Algo de esta herencia de loca alucinación nos viene ahora por la rama política acá en Venezuela. El chavismo responde punto a punto a la herencia del pensamiento milenarista, promesa futura de una edad de felicidad absoluta que nunca llega. Donde unos iluminados con las mismas visiones alucinatorias de Durán y Servando de Mier, llevan 16 años prolongando el establecimiento de un período gubernamental que de la suma de felicidad esperada a los venezolanos. Un gobierno cuyo único oficio ha sido edificar esperanzas en algunos crédulos, que al igual que los que esperaban el milenio de oro y felicidad para liberarse de los yugos de la tierra en los años 1500, hoy esperan que la revolución les depare su milagro personal.

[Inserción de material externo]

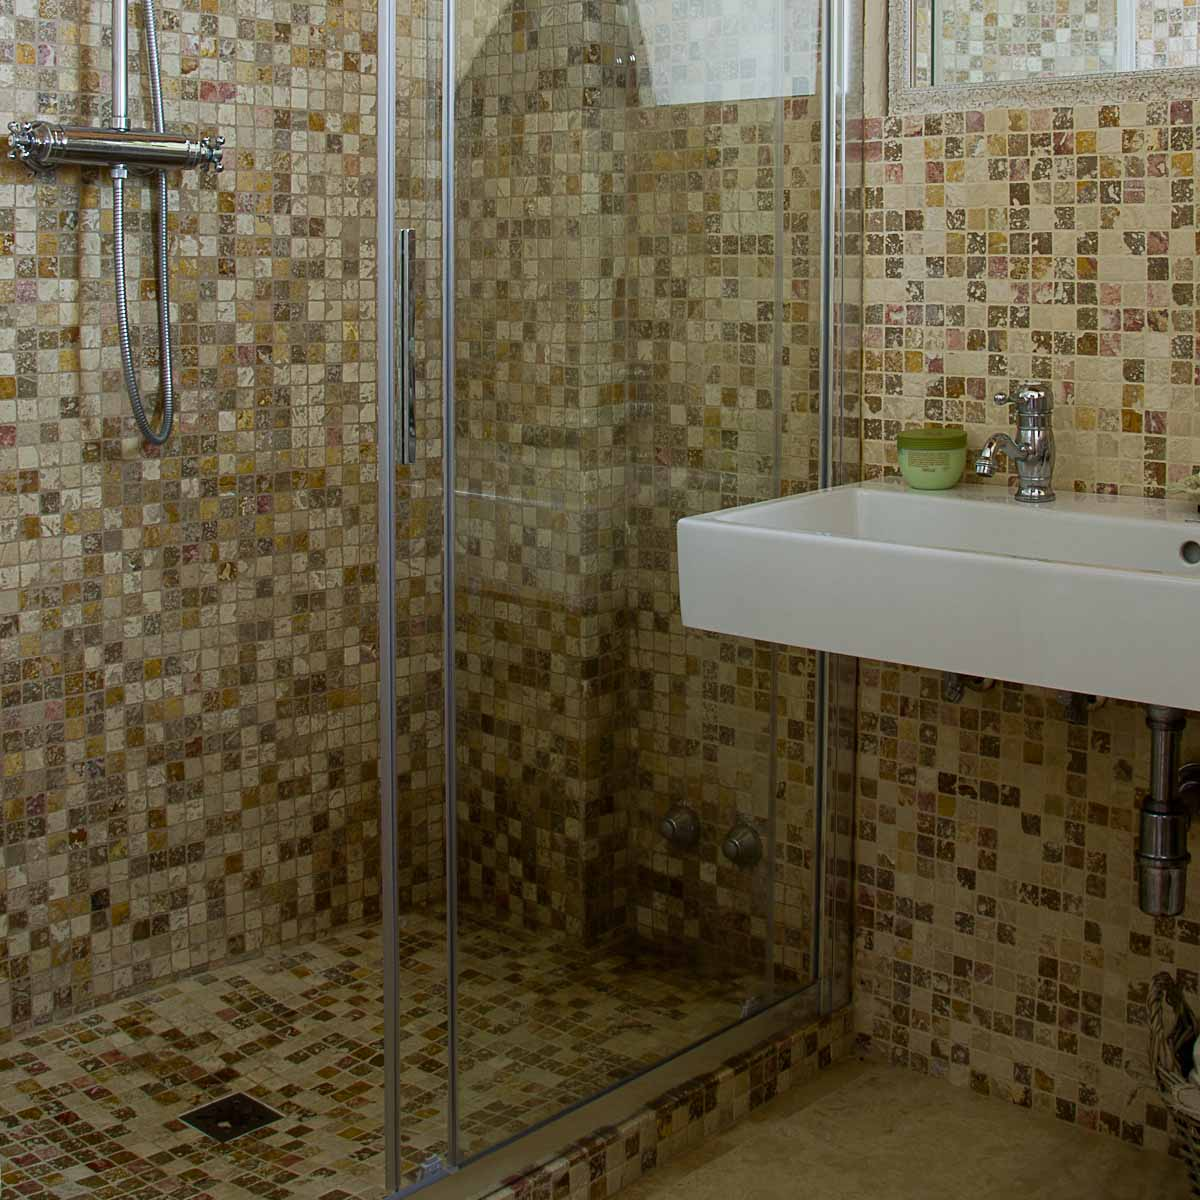 Lampadari febo classici - Mosaici bagno prezzi ...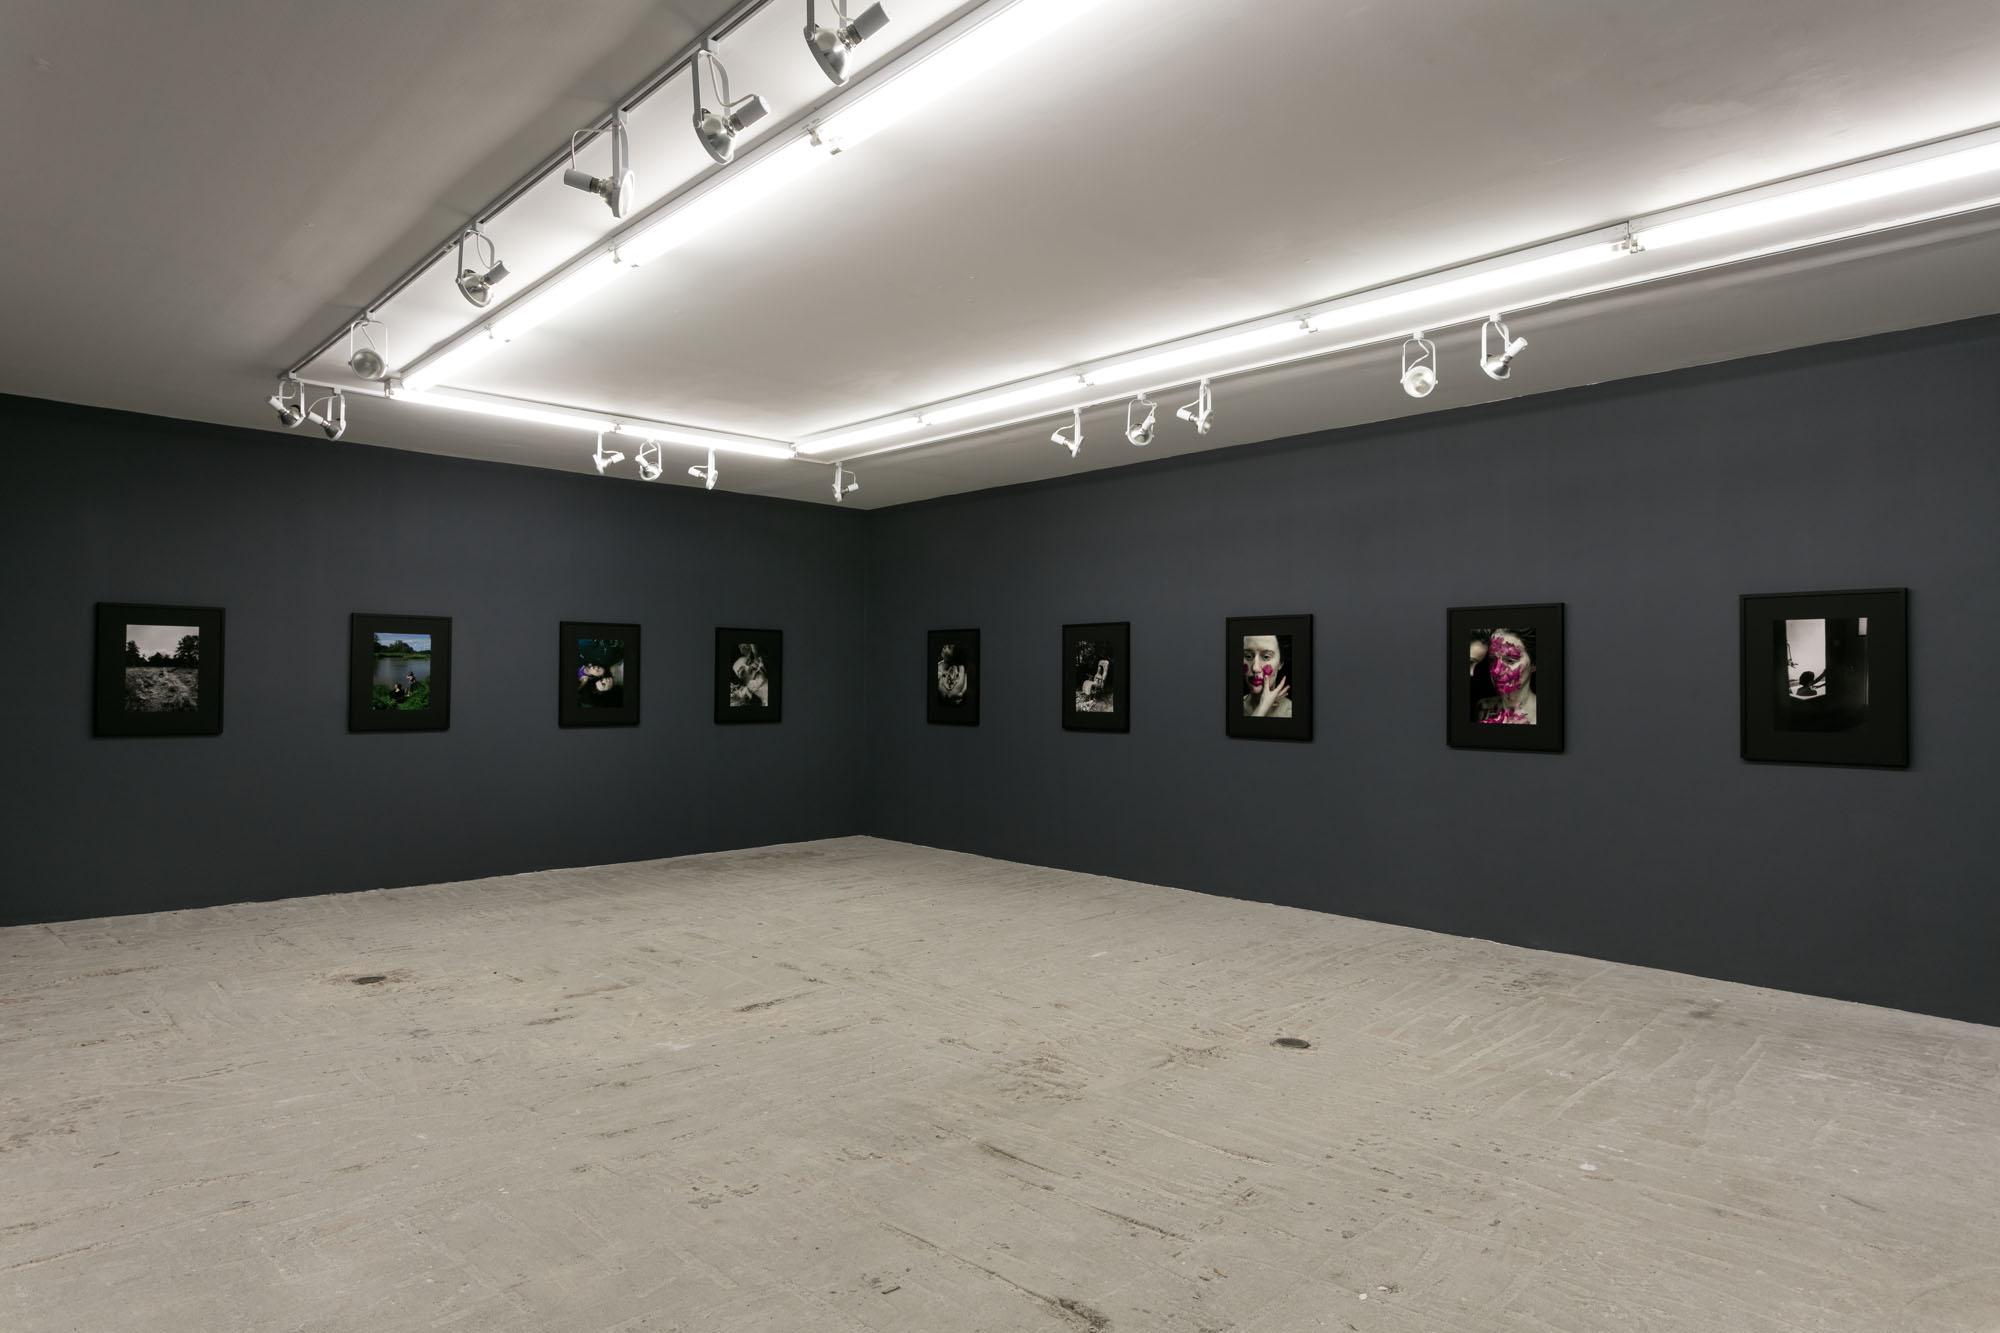 Aneta Grzeszykowska,  Mama,  Installation view at Lyles & King, October 14 - November 18, 2018

Pero como Santo Tomás jamás fue transportado por los ángeles al Nuevo Mundo, la revolución jamás llegó a Venezuela. Lo que hemos tenido en estos 16 años ha sido mucha alucinación, mucha locura compartida y hoy ante nosotros se nos presenta un país sumido en la miseria del fracaso, guiado por ignaros en la más elemental materia de gobernabilidad. Un conglomerado de políticos fanáticos, mitómanos y decadentes que cada día tratan de prolongar el capítulo inconmensurable de sus propias alucinaciones en la realidad del país, algo que nunca encaja y nos hunde cada vez más en la suma de sus fracasos. Nada nuevo bajo el Sol, tal como reza el refrán, aunque a veces intenten taparlo con el dedo de la censura o con la fantasía, según el caso.